_About this task_
Write every line below out again, exactly as given, but leave out the pictures.

_Input data_
▬▬▬

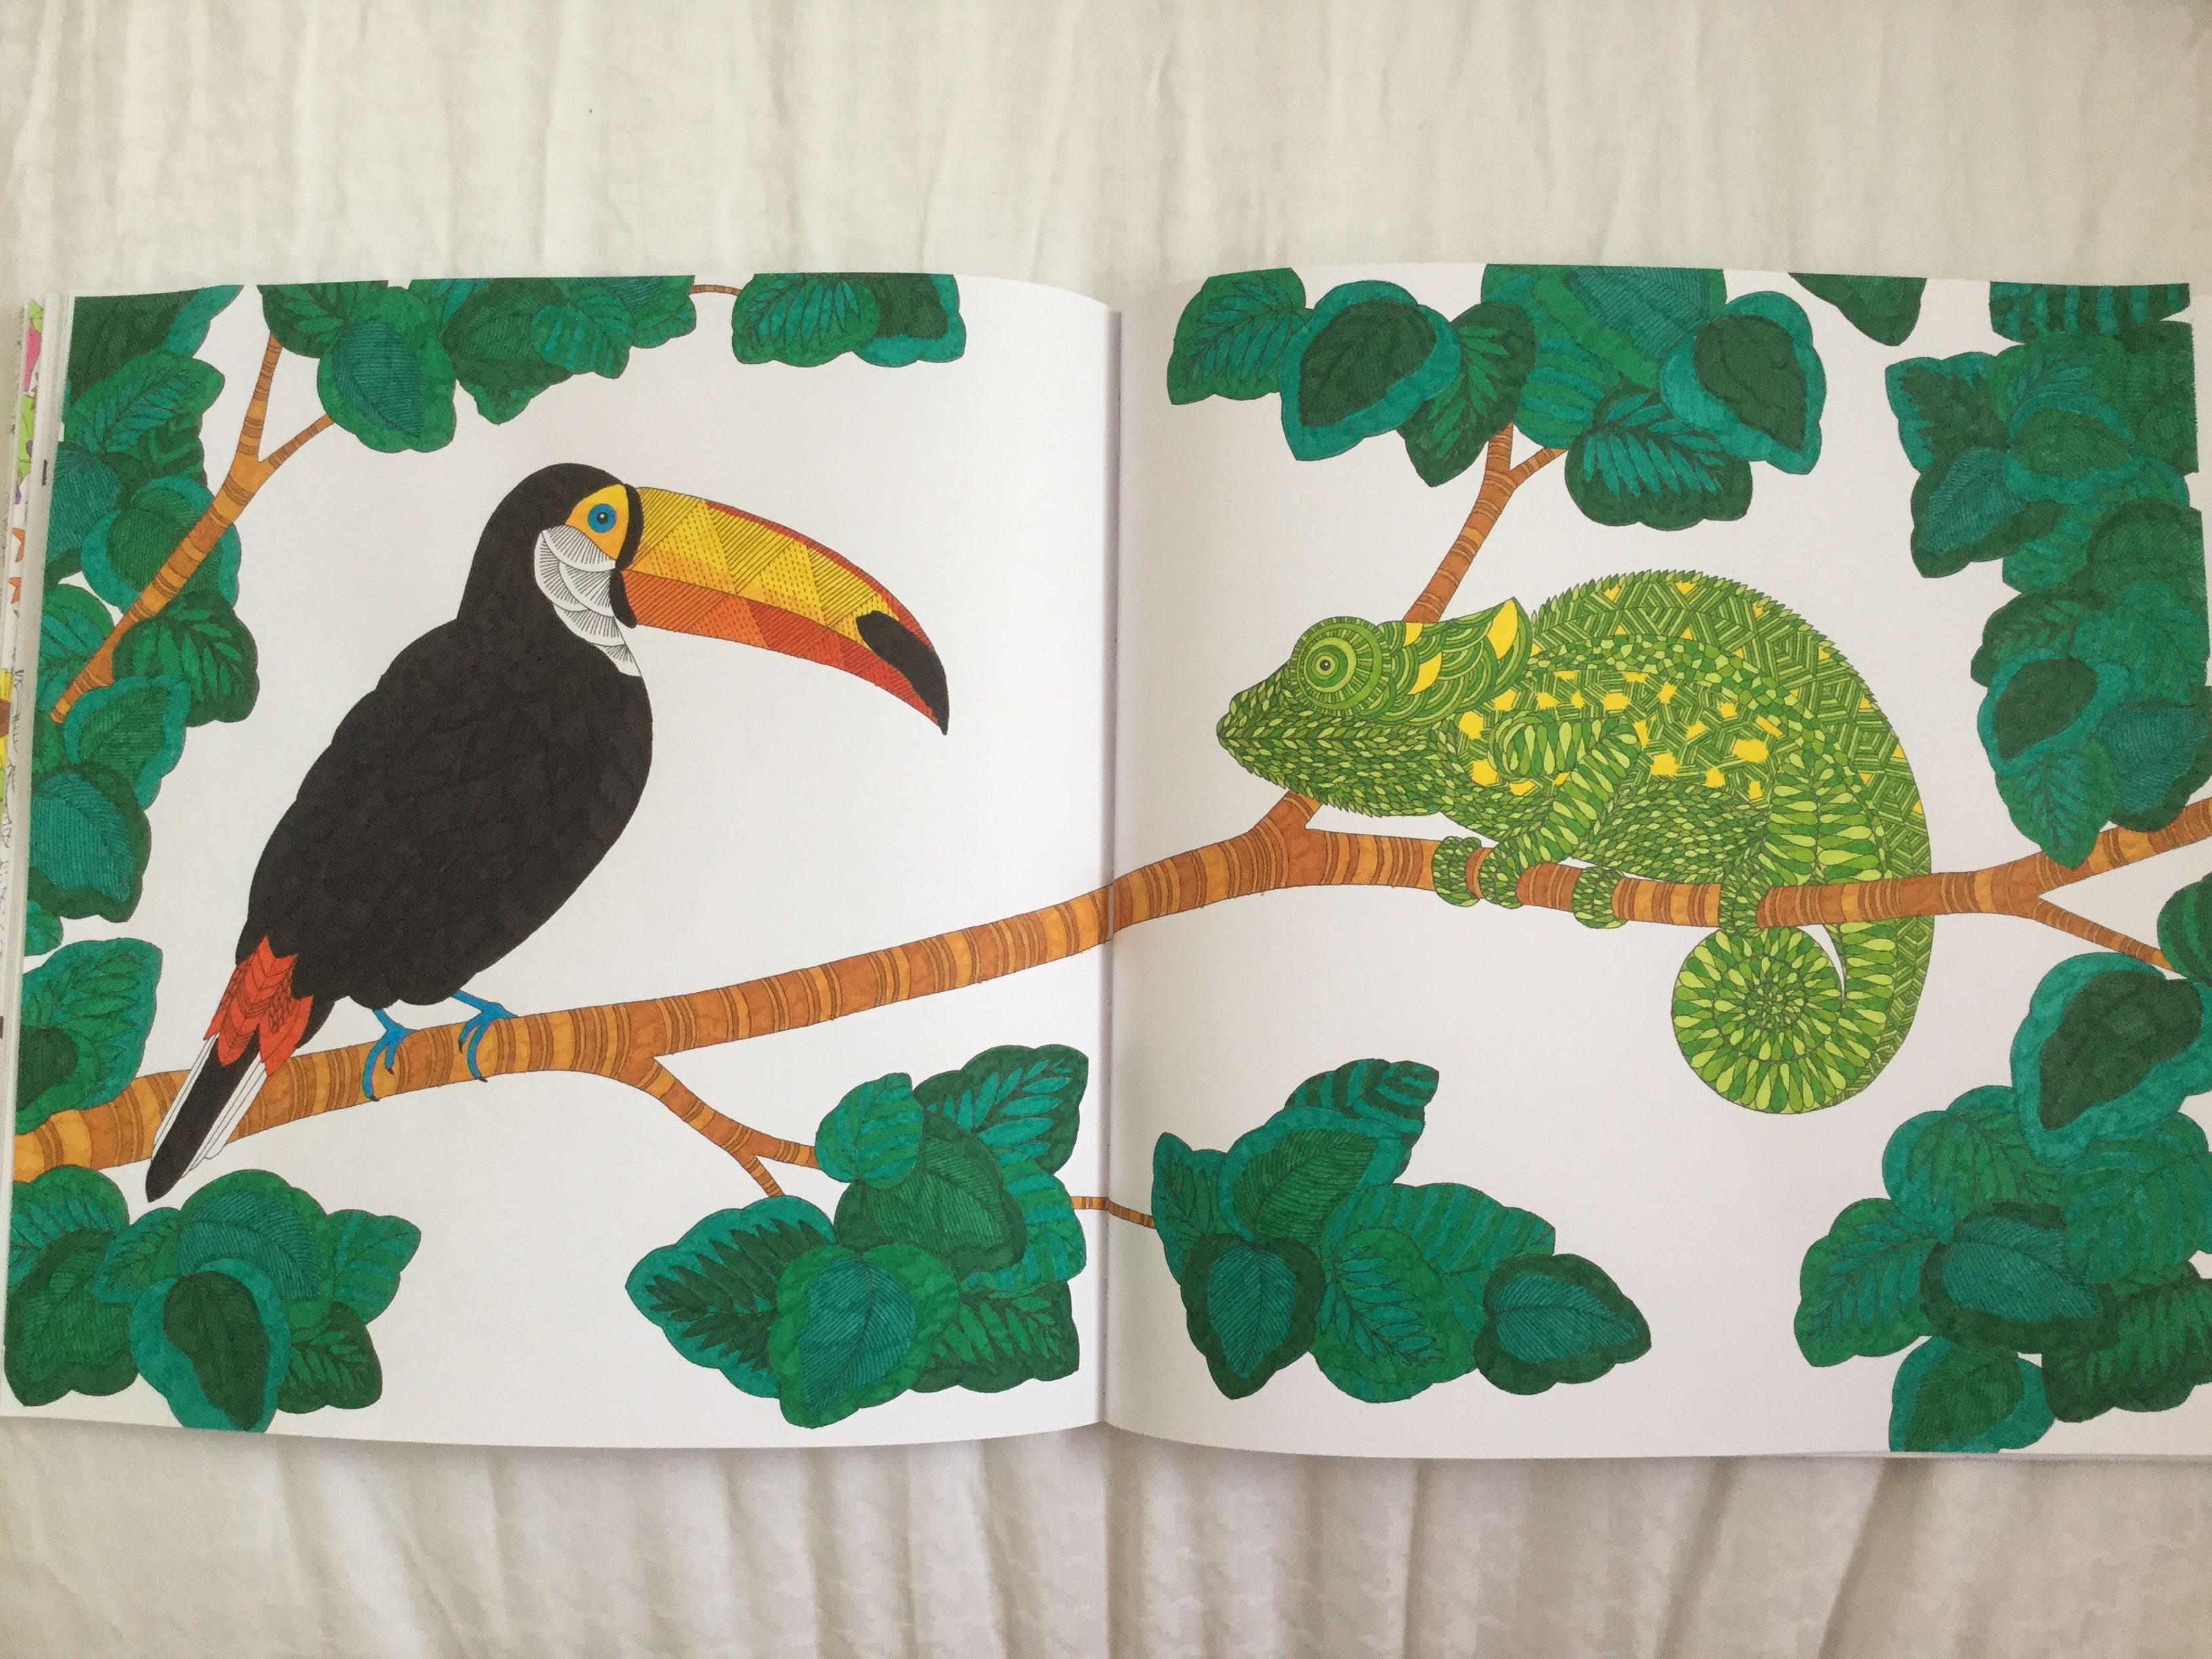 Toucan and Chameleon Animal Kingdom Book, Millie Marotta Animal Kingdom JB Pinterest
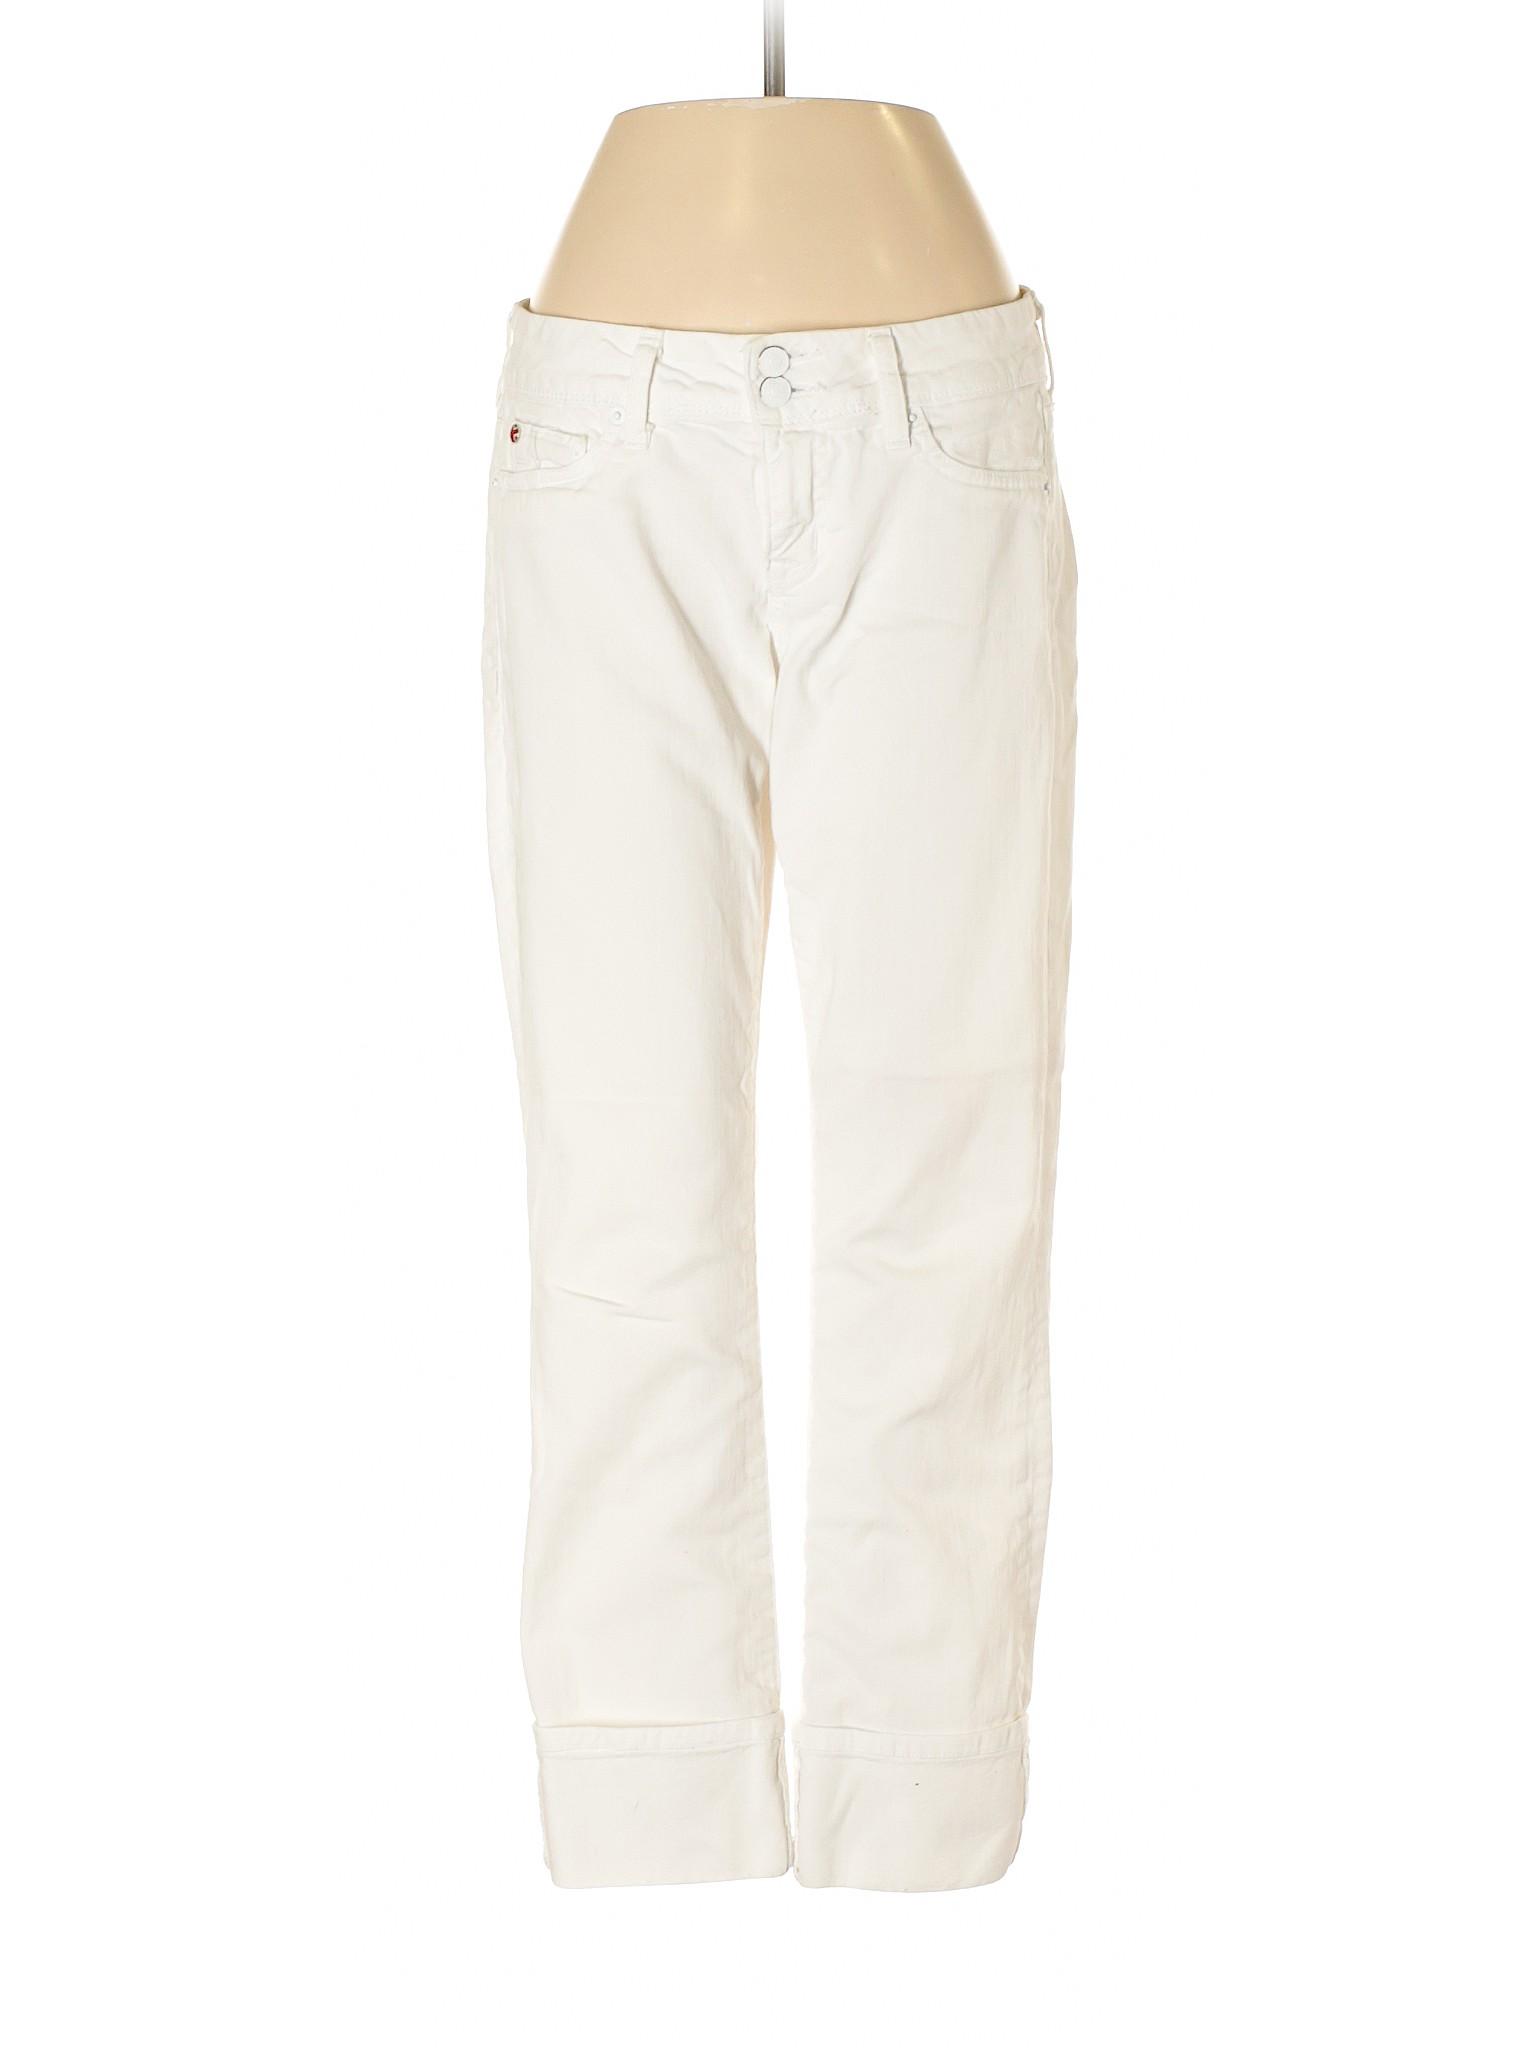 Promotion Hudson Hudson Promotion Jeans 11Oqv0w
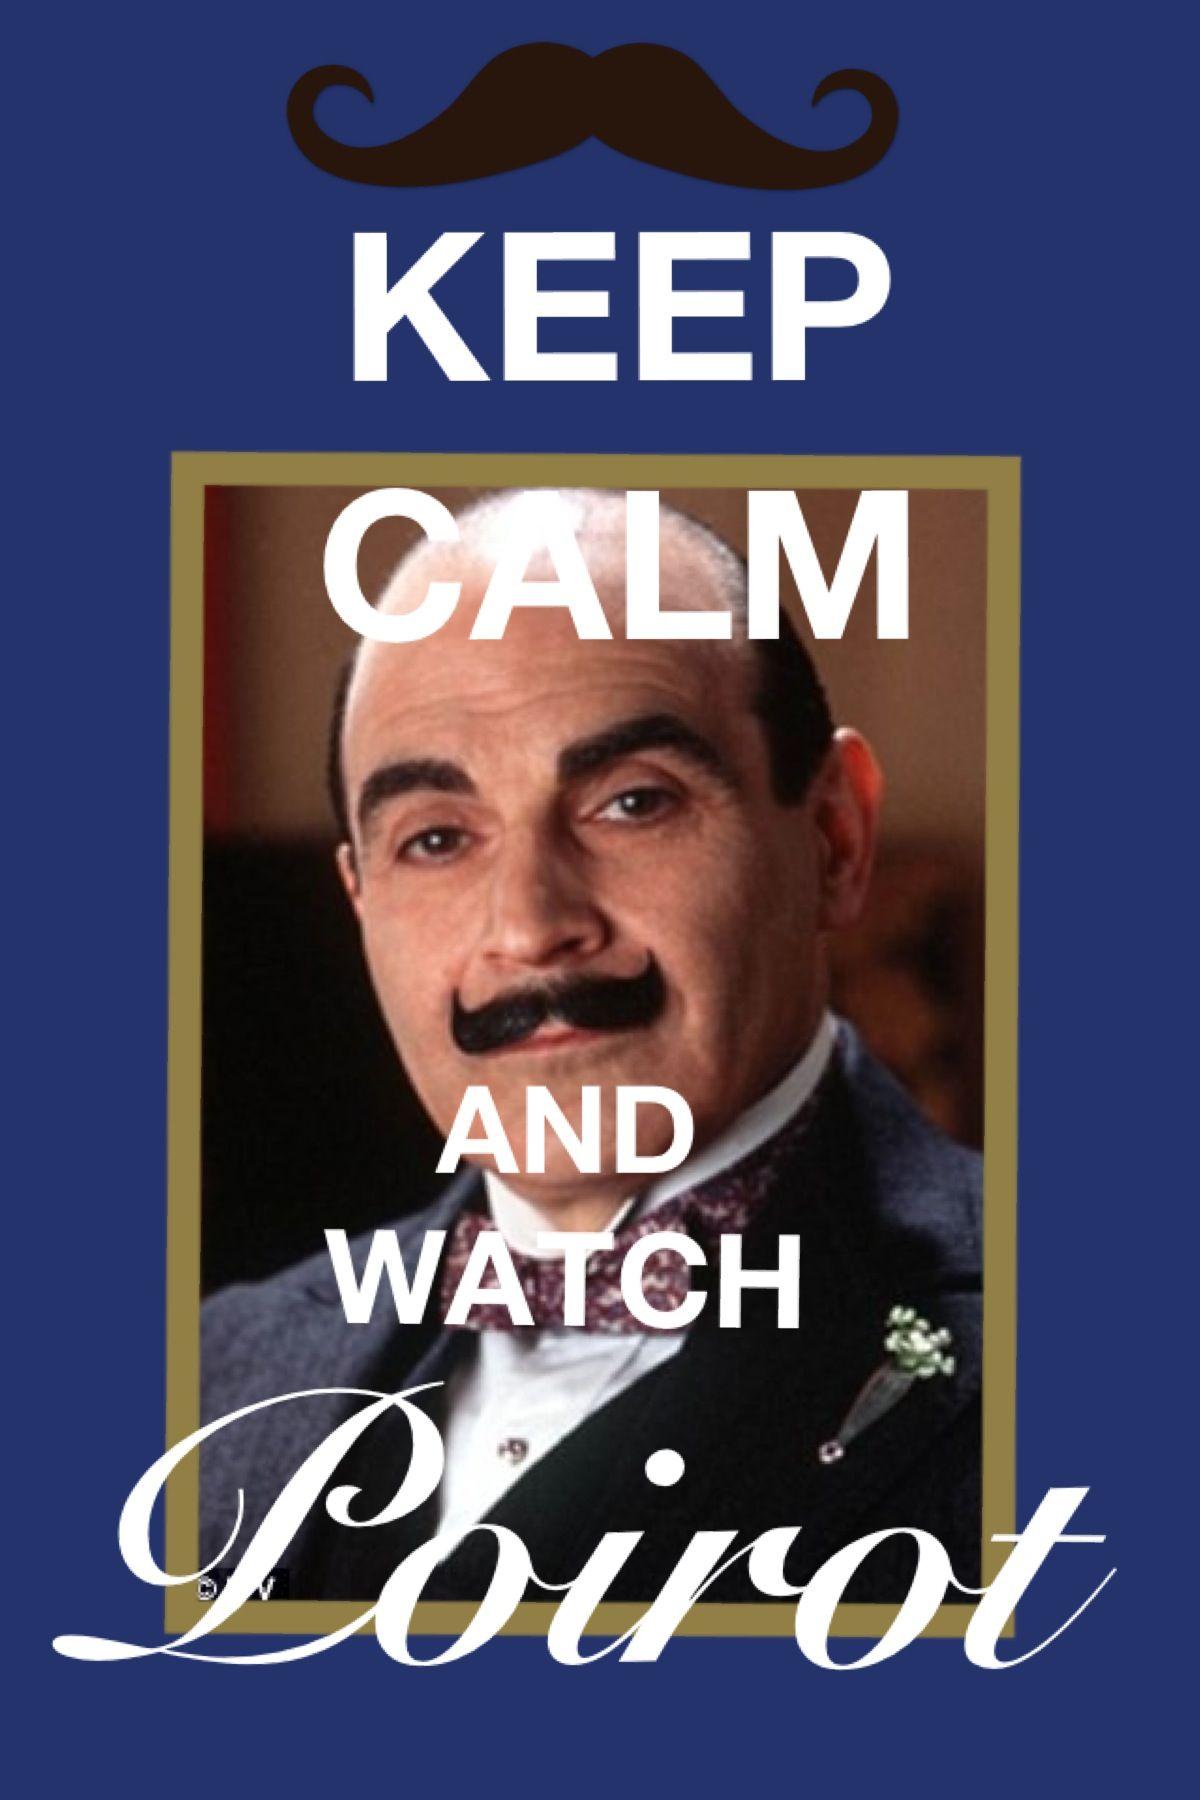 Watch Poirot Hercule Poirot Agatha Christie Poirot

▬▬▬

_Response box_
 Toucan and Chameleon Animal Kingdom Book, Millie Marotta Animal Kingdom JB Pinterest
 Promotion Hudson Hudson Promotion Jeans 11Oqv0w
 Watch Poirot Hercule Poirot Agatha Christie Poirot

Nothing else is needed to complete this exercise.